Your instructions
Every line of the data should be written out exactly, with the pictures left out.

Provided data

_ _ _ _

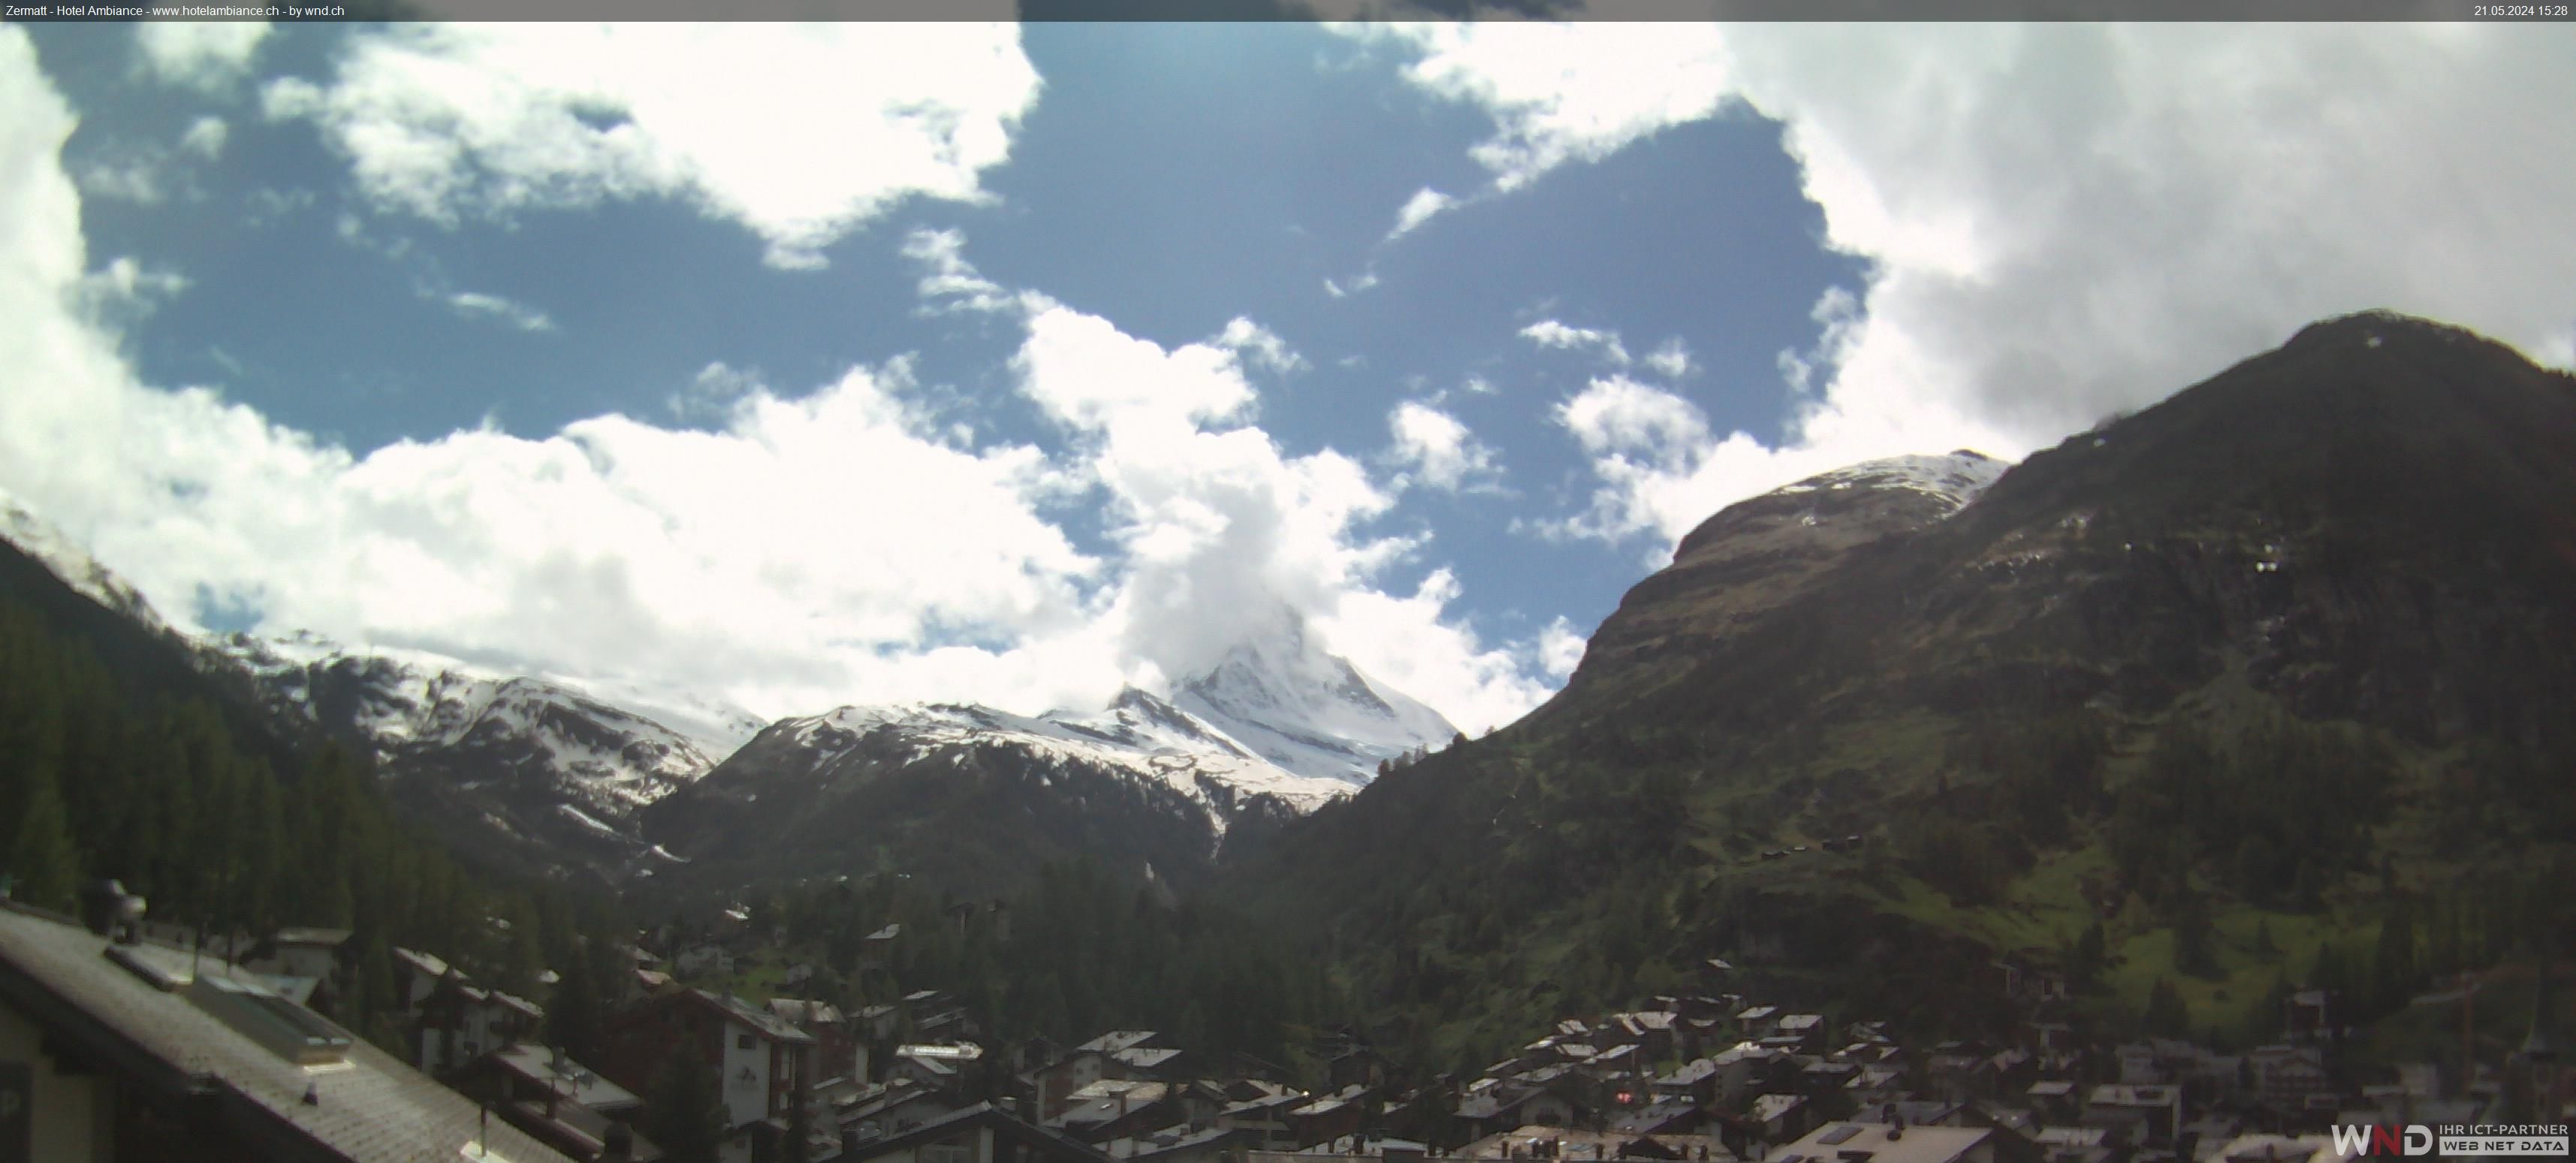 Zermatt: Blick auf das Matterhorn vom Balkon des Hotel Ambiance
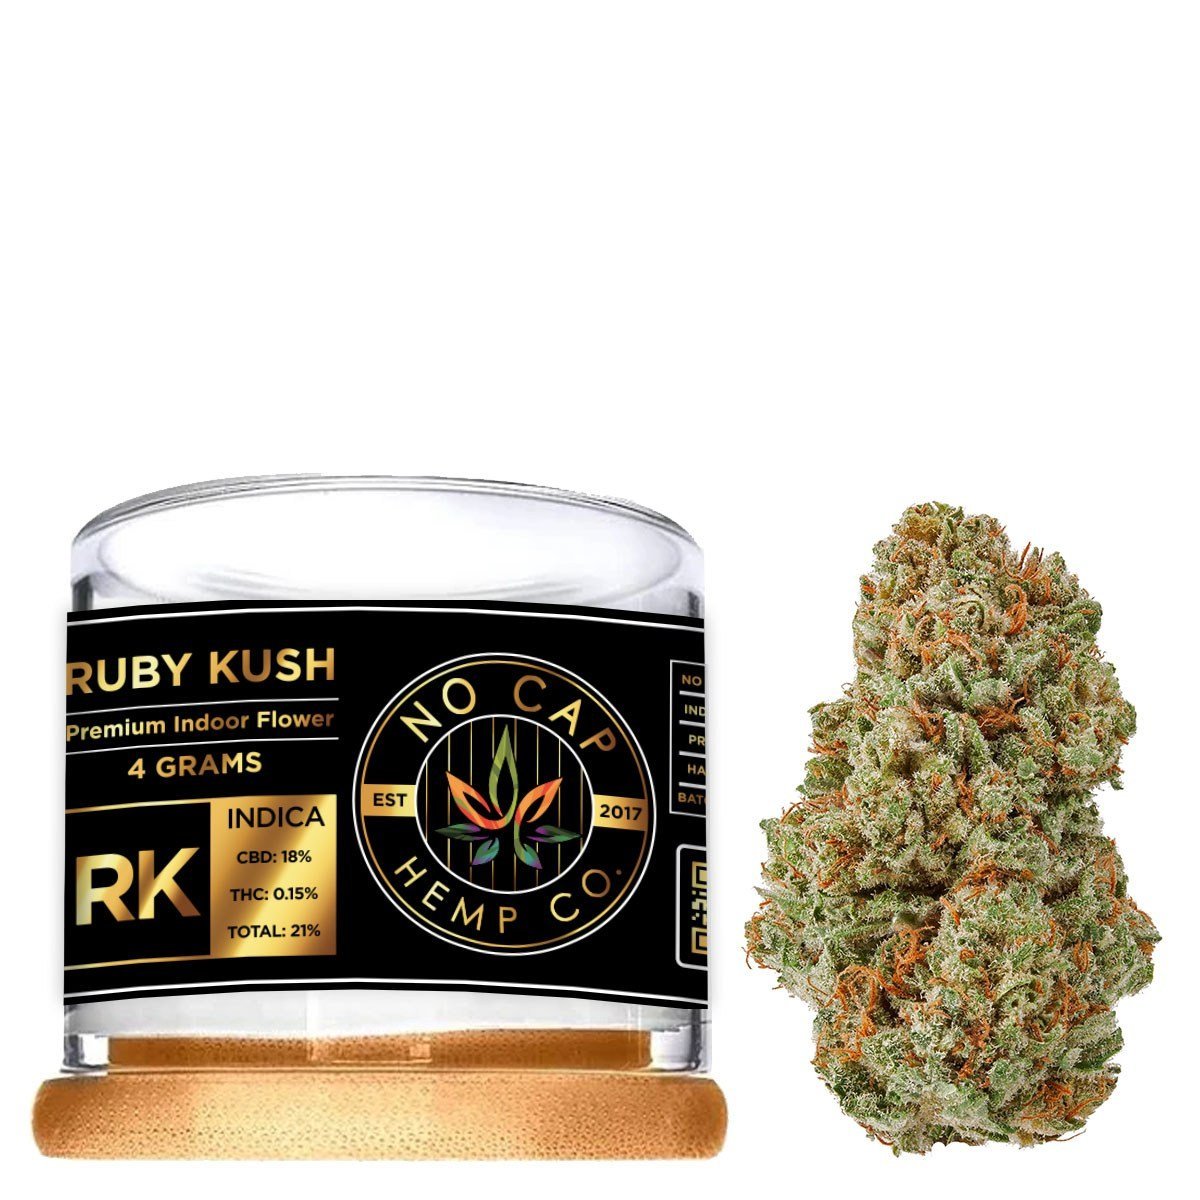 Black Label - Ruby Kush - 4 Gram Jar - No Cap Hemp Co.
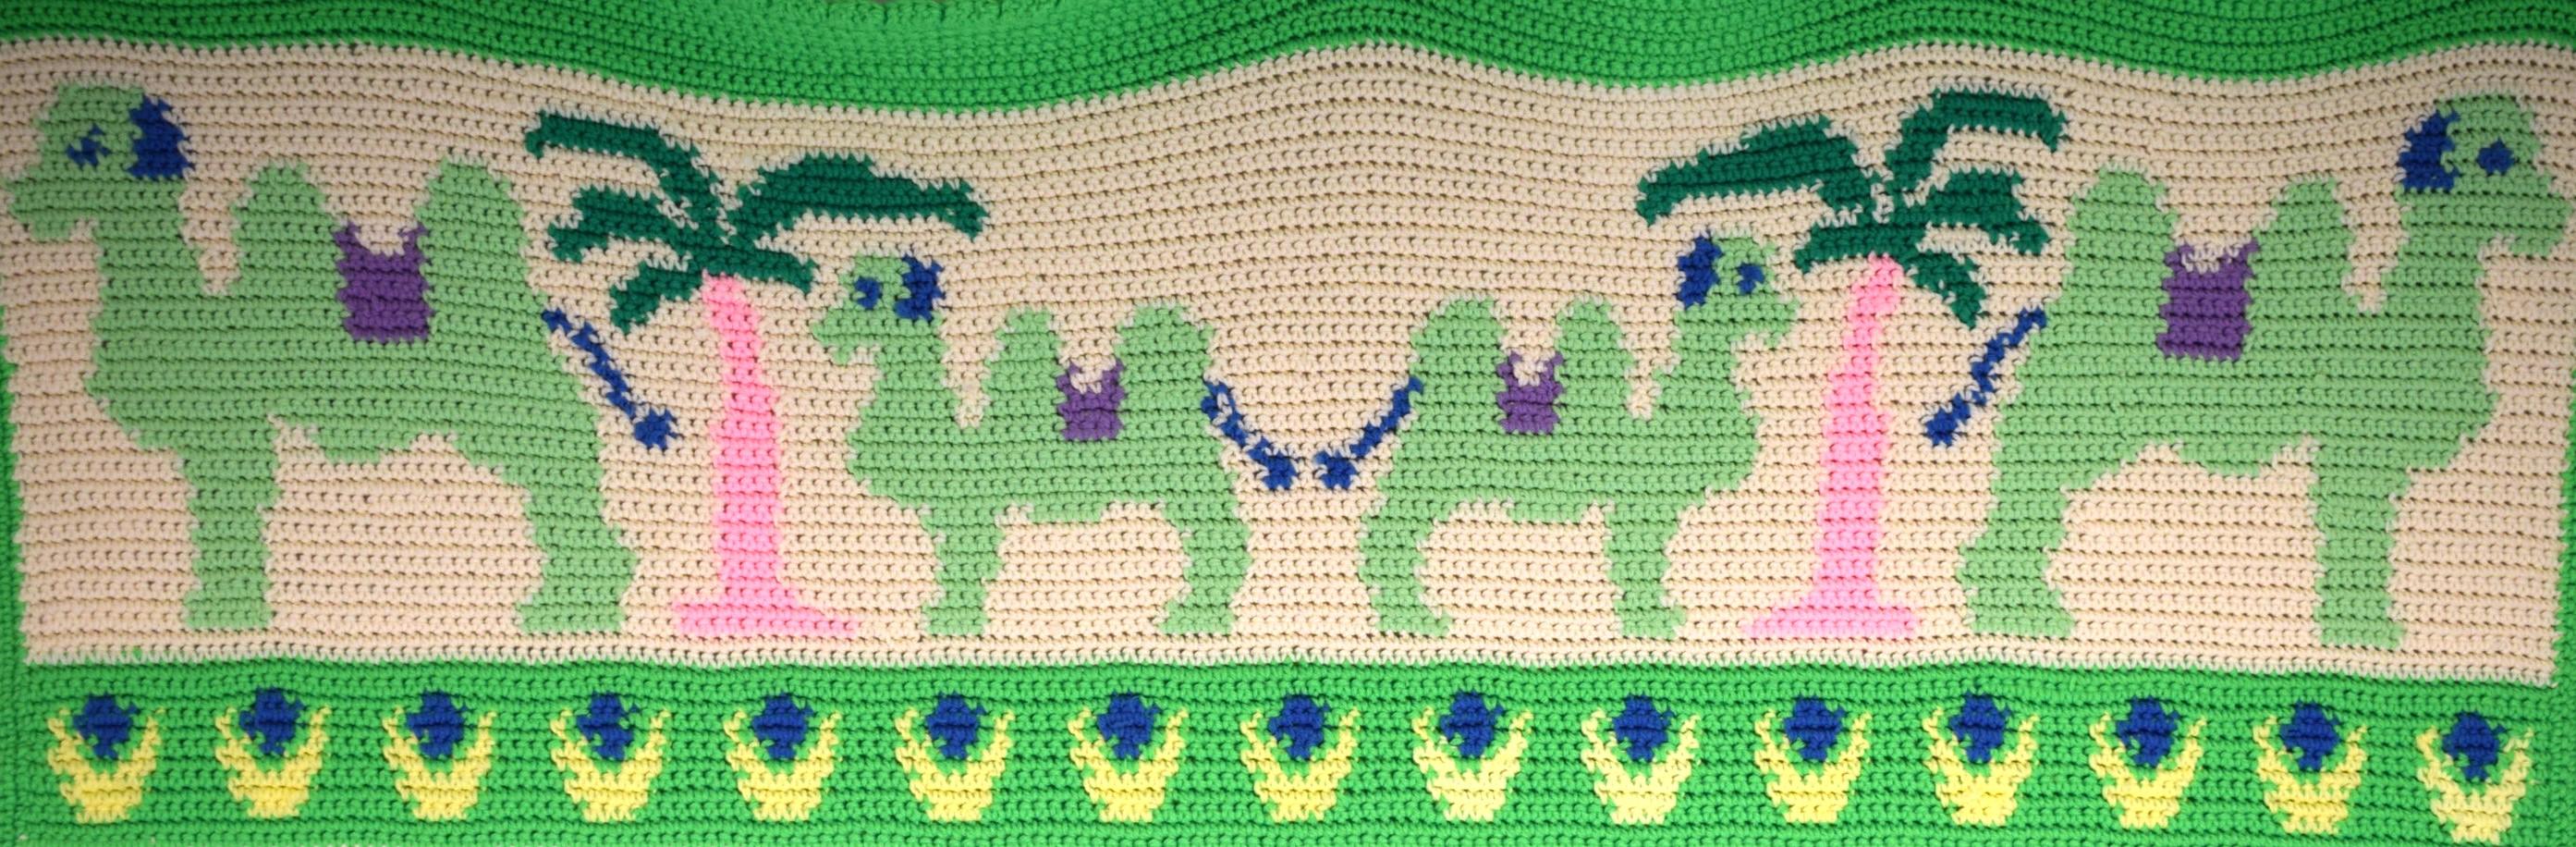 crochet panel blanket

_ _ _ _

Exercise response
 Zermatt: Blick auf das Matterhorn vom Balkon des Hotel Ambiance
 Black Label - Ruby Kush - 4 Gram Jar - No Cap Hemp Co.
 crochet panel blanket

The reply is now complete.